=== Section Start ===
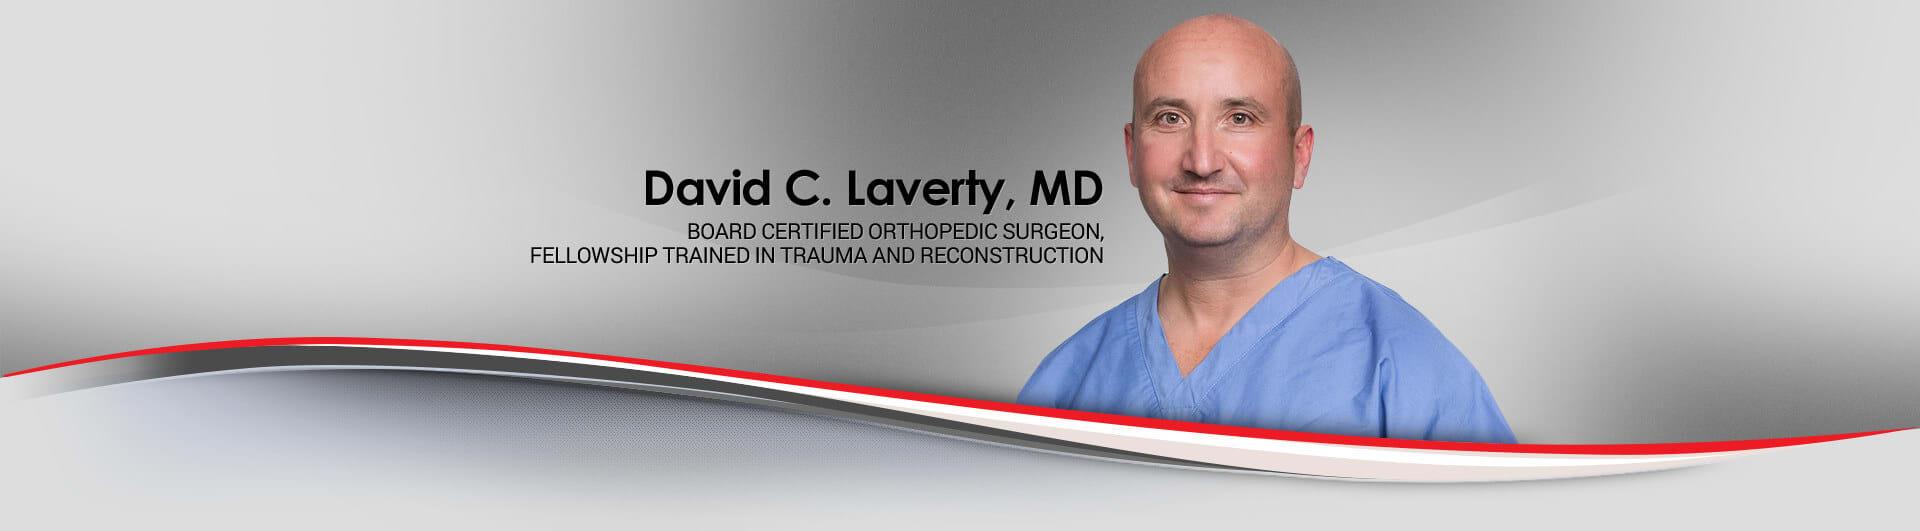 Dr. David C Laverty MD
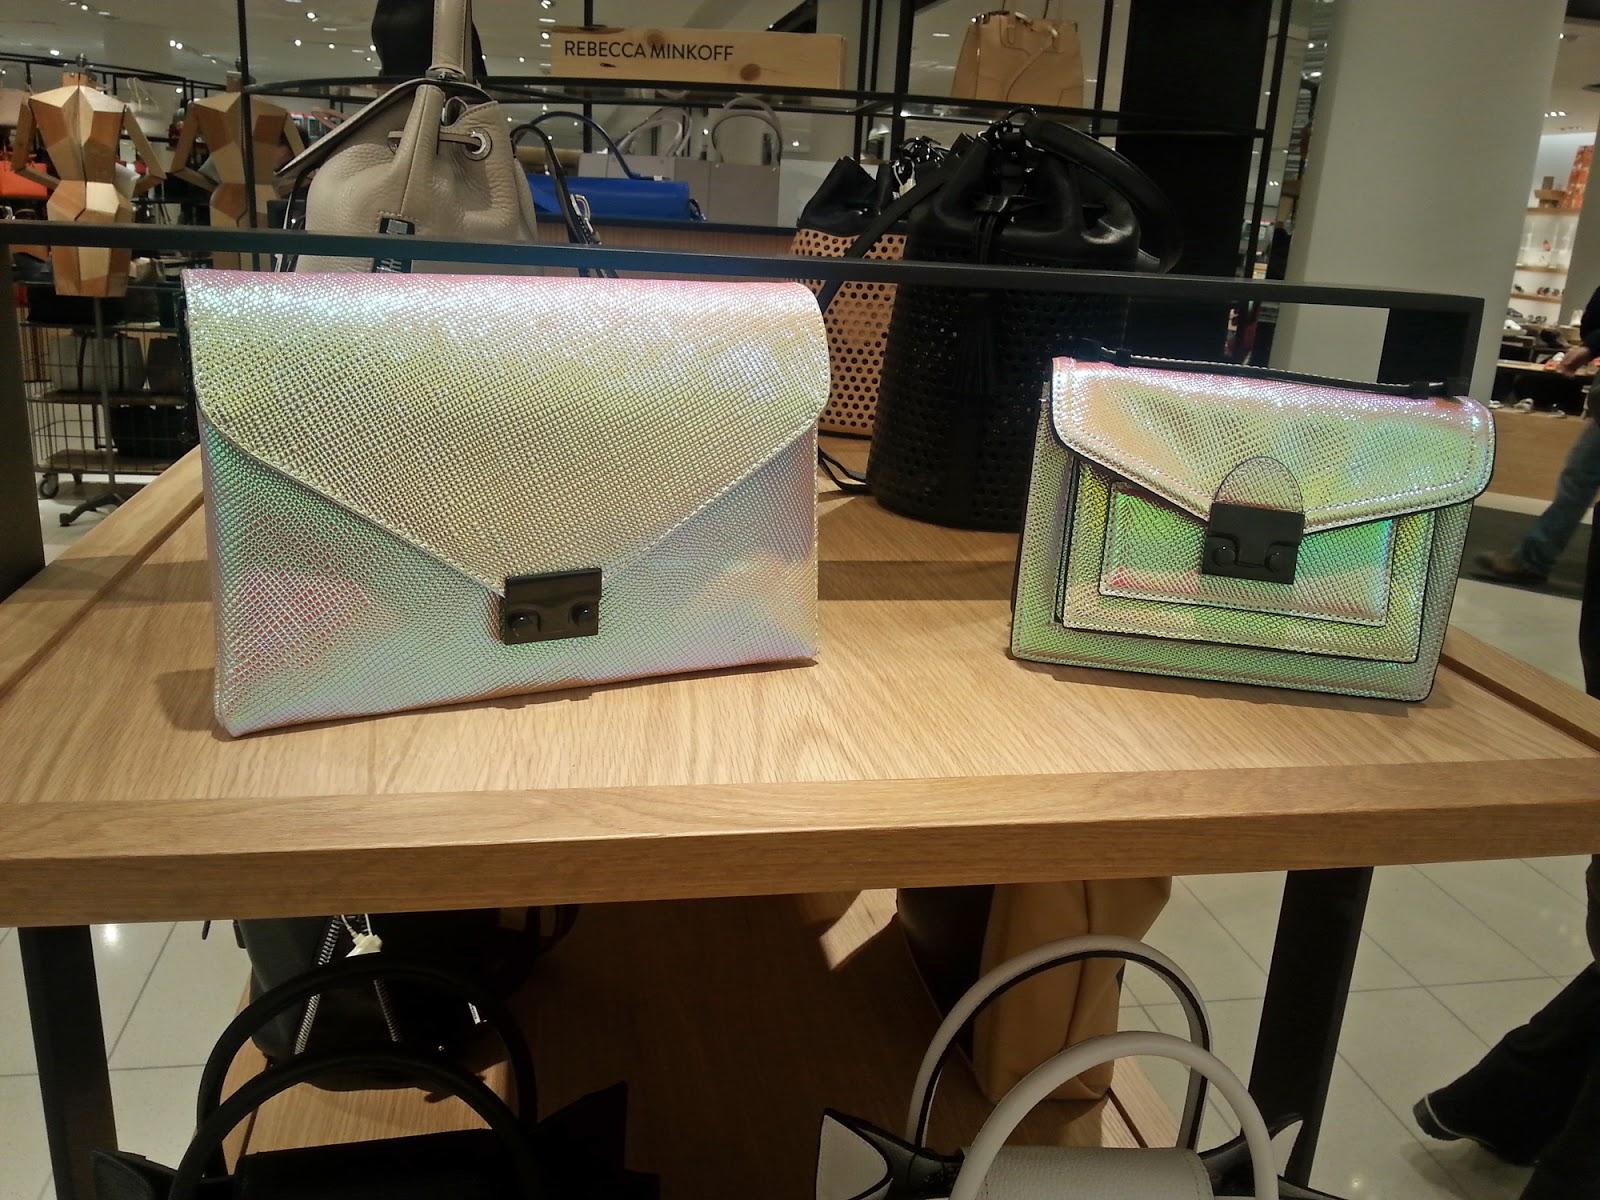 Loeffler Randall Mini Rider bag and Lock Clutch - both in a beautiful iridescent finish
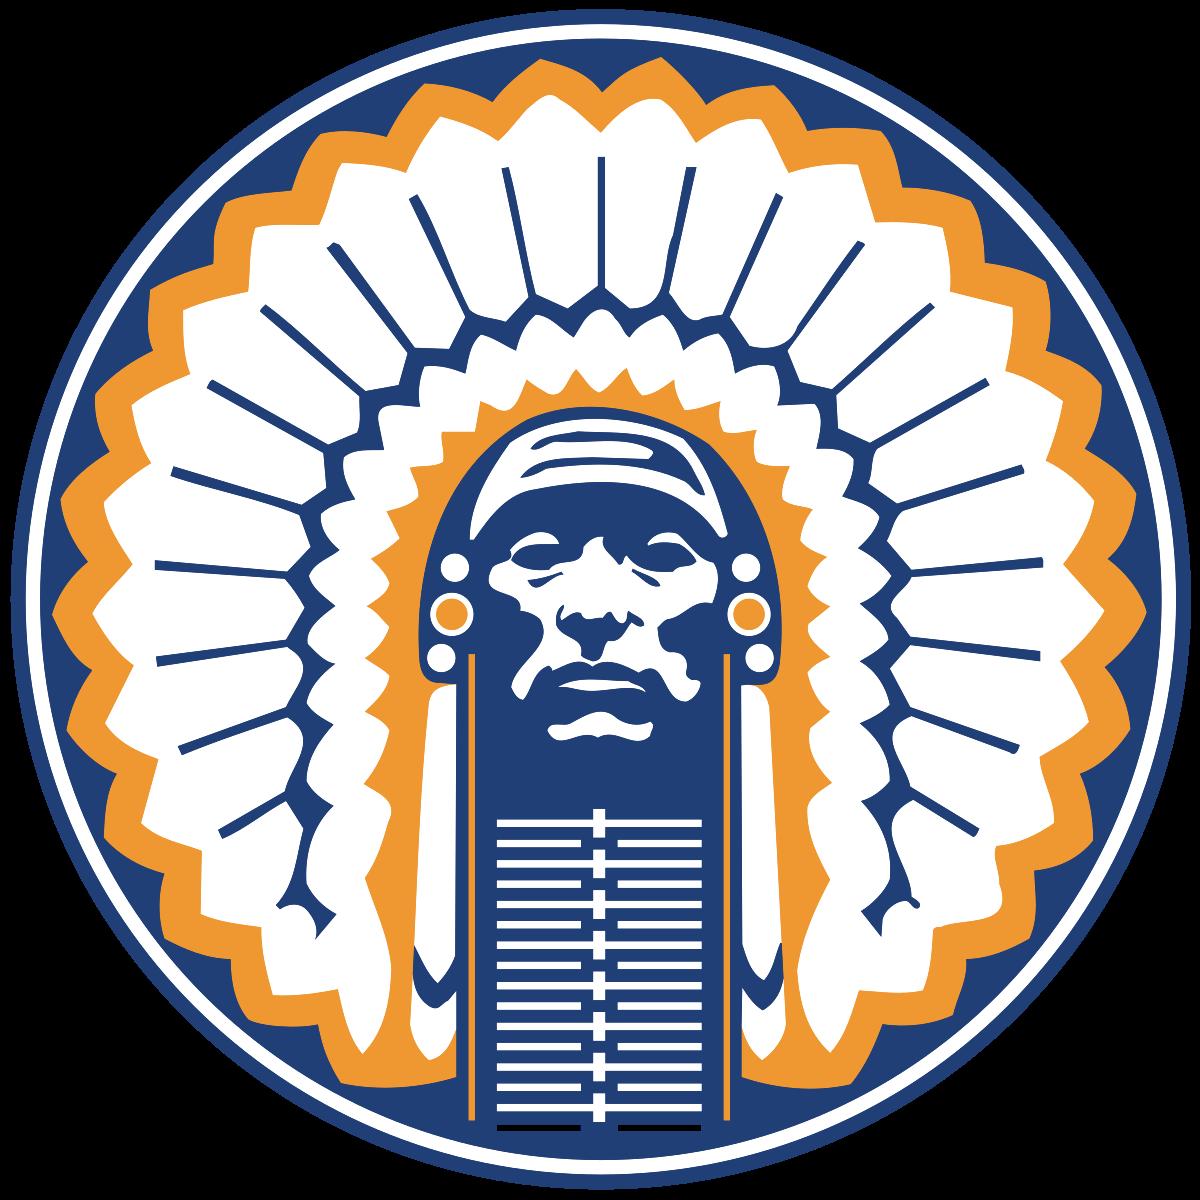 Indian football mascot clipart graphic transparent stock Chief Illiniwek - Wikipedia graphic transparent stock
=== Section End ===
# PROBLEM REQUIREMENTS
Copy verbatim the span that begins at the line containing "Loeffler Randall Mini" and ends at the last line of the material, inclusive of both; exclude pictures.

# THE ANSWER
 Loeffler Randall Mini Rider bag and Lock Clutch - both in a beautiful iridescent finish
 Indian football mascot clipart graphic transparent stock Chief Illiniwek - Wikipedia graphic transparent stock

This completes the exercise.